The company is still significantly growing. In the most recent quarter, gross profit was $1.9 billion, a 12% increase from the previous year. About 90% of Priceline’s revenue comes from outside of the U.S. If it wasn’t for the strong U.S. dollar, gross profit would have been higher. According to Priceline, on a constant currency basis, gross profit would have increased 23% over the previous year. (Source: “The Priceline Group Reports Financial Results for 4th Quarter and Full-Year 2015,” Priceline Group, February 17, 2016.)
Adjusted net income for the fourth quarter was $641 million, a jump of 11% over the previous year, and for full-year 2015, gross travel bookings increased 10% to 55.5 billion.
The numbers are looking good for Priceline in 2016 as well. For the upcoming first quarter, Priceline expects total gross travel bookings to increase about 12%–19% year-over-year (about 18%–25% on a constant currency basis) and revenue to increase about nine percent to 16%. That kind of growth should be enough to convince investors to take a closer look at Priceline stock.
Going forward, Priceline is making a push into the Chinese market. The company has pumped almost $2.0 billion into Ctrip.com International Ltd. (NASDAQ:CTRP). Priceline accounts for about 15% of Ctrip’s public stock float. (Source: “The Recent Drop In Priceline Stock Creates A Buying Opportunity,” Amigobulls, February 11, 2016.)
Ctrip is China’s largest online travel discount site, accounting for about 50% of the total Chinese market. Revenue in the trailing 12 months are approximately $10.0 billion, almost double the amount from a year ago. (Source: Ibid.)

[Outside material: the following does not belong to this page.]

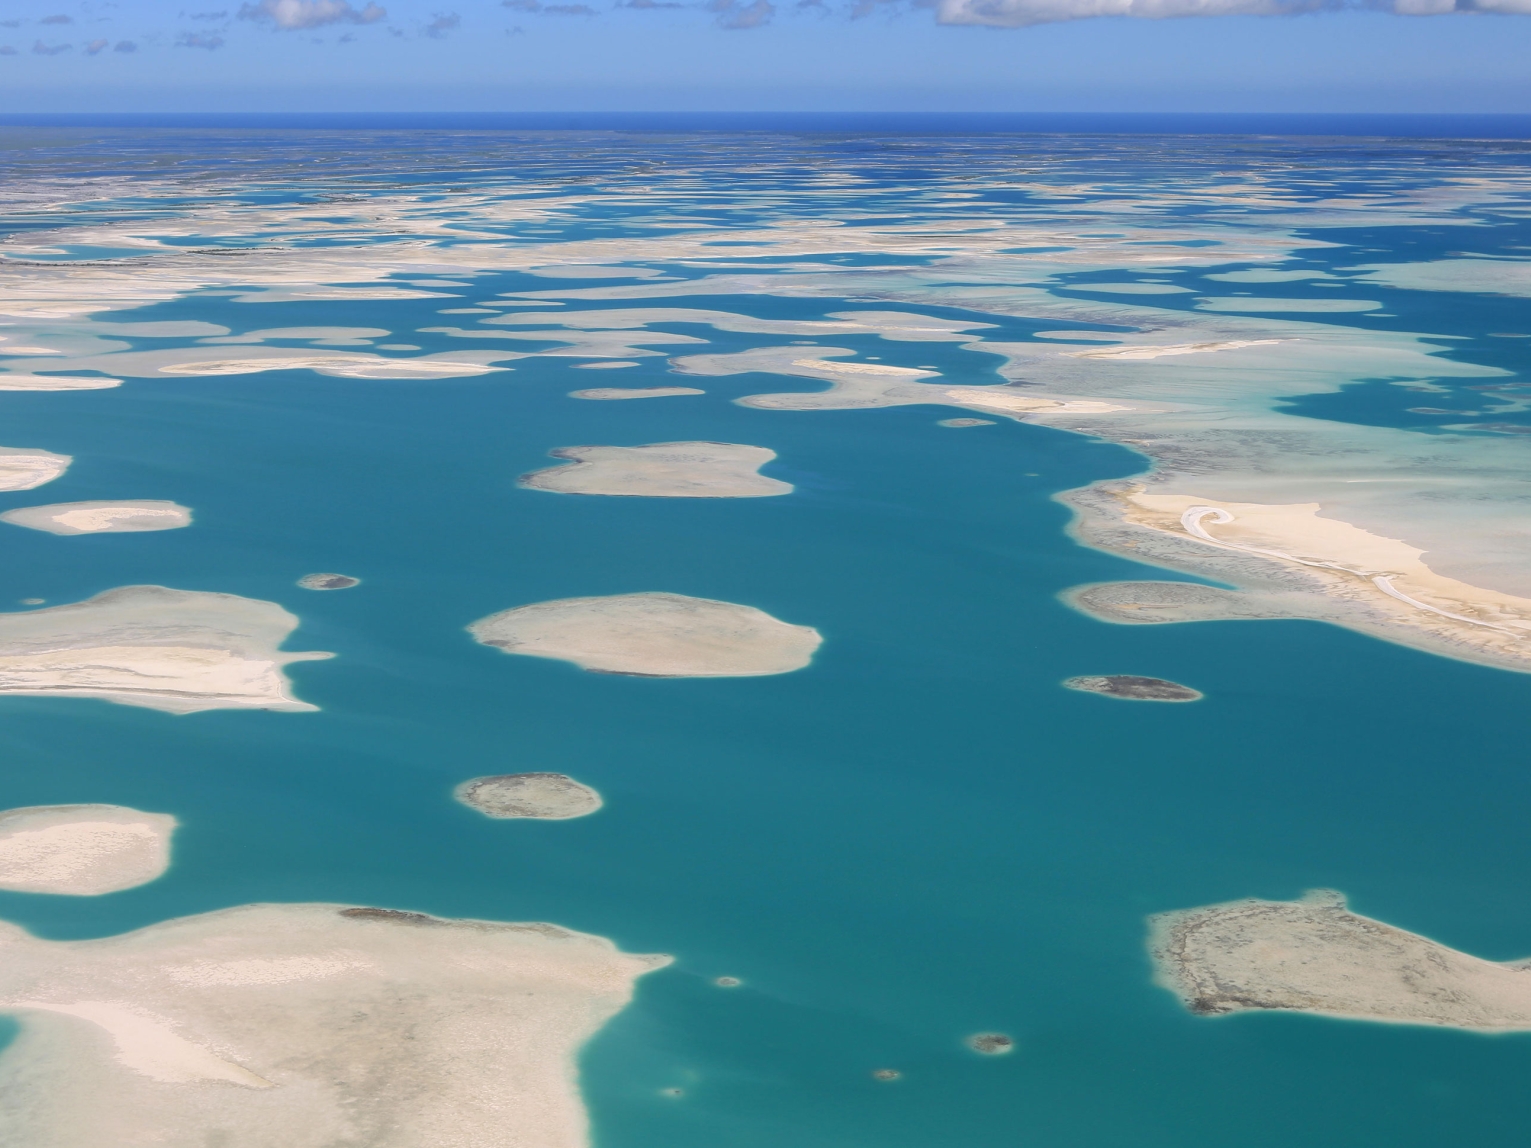 Aerial view of the lagoons of Kirimati, also known as Christmas Island, part of the Republic of Kiribati in the central Pacific Ocean.
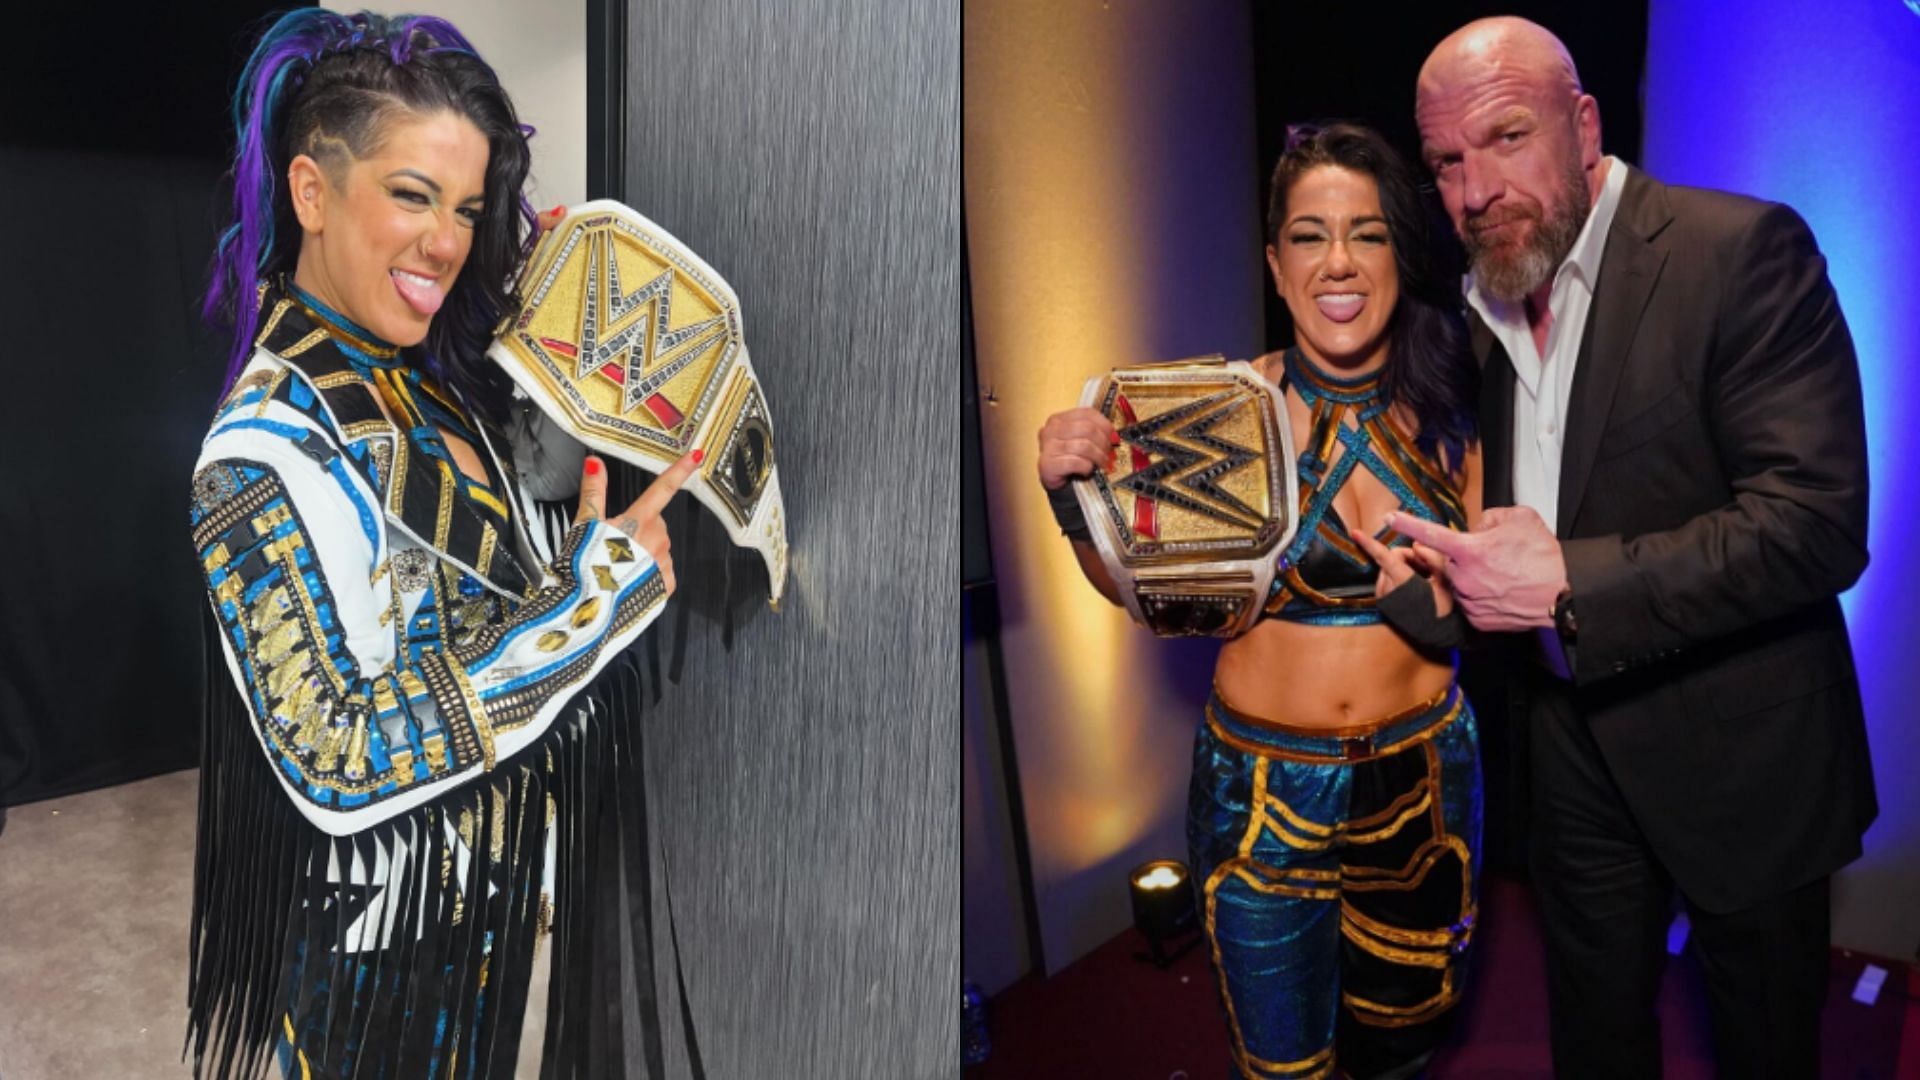 Bayley after retaining her title at Backlash with Triple H

China’s growing middle class and increasing disposable income has made China one of the largest travel markets in the world. The market is expected to grow in the double digits to reach $75.0 billion by 2017. (Source: “A Majority of the Analysts Have a ‘Buy’ Rating on Priceline,” Yahoo! Finance, February 18, 2016.)
Priceline is also tapping into China on its own. Its largest brand, Booking.com, saw its Chinese properties grow from 8,000 to 25,000 in 2015. The Chinese market should start to contribute significantly to Priceline’s top-line growth.
Speaking of Booking.com, it is Priceline’s biggest advantage over rival Expedia Inc (NASDAQ:EXPE). Booking.com is the world’s largest travel booking site. As such, it accounts for the majority of Priceline’s revenue. In the third quarter of 2015, Booking.com had more than 820,000 bookable properties, growing 38% over the previous year. By comparison, Expedia has only 271,000 bookable properties. Booking.com’s sizeable moat provides a competitive advantage over rivals, as it attracts the most visitors.
The Bottom Line on PCLN Stock
Priceline is still growing significantly, even in the headwinds of a strong U.S. dollar. With its push into China and sizeable moat, investors might want to take a closer look at PCLN stock.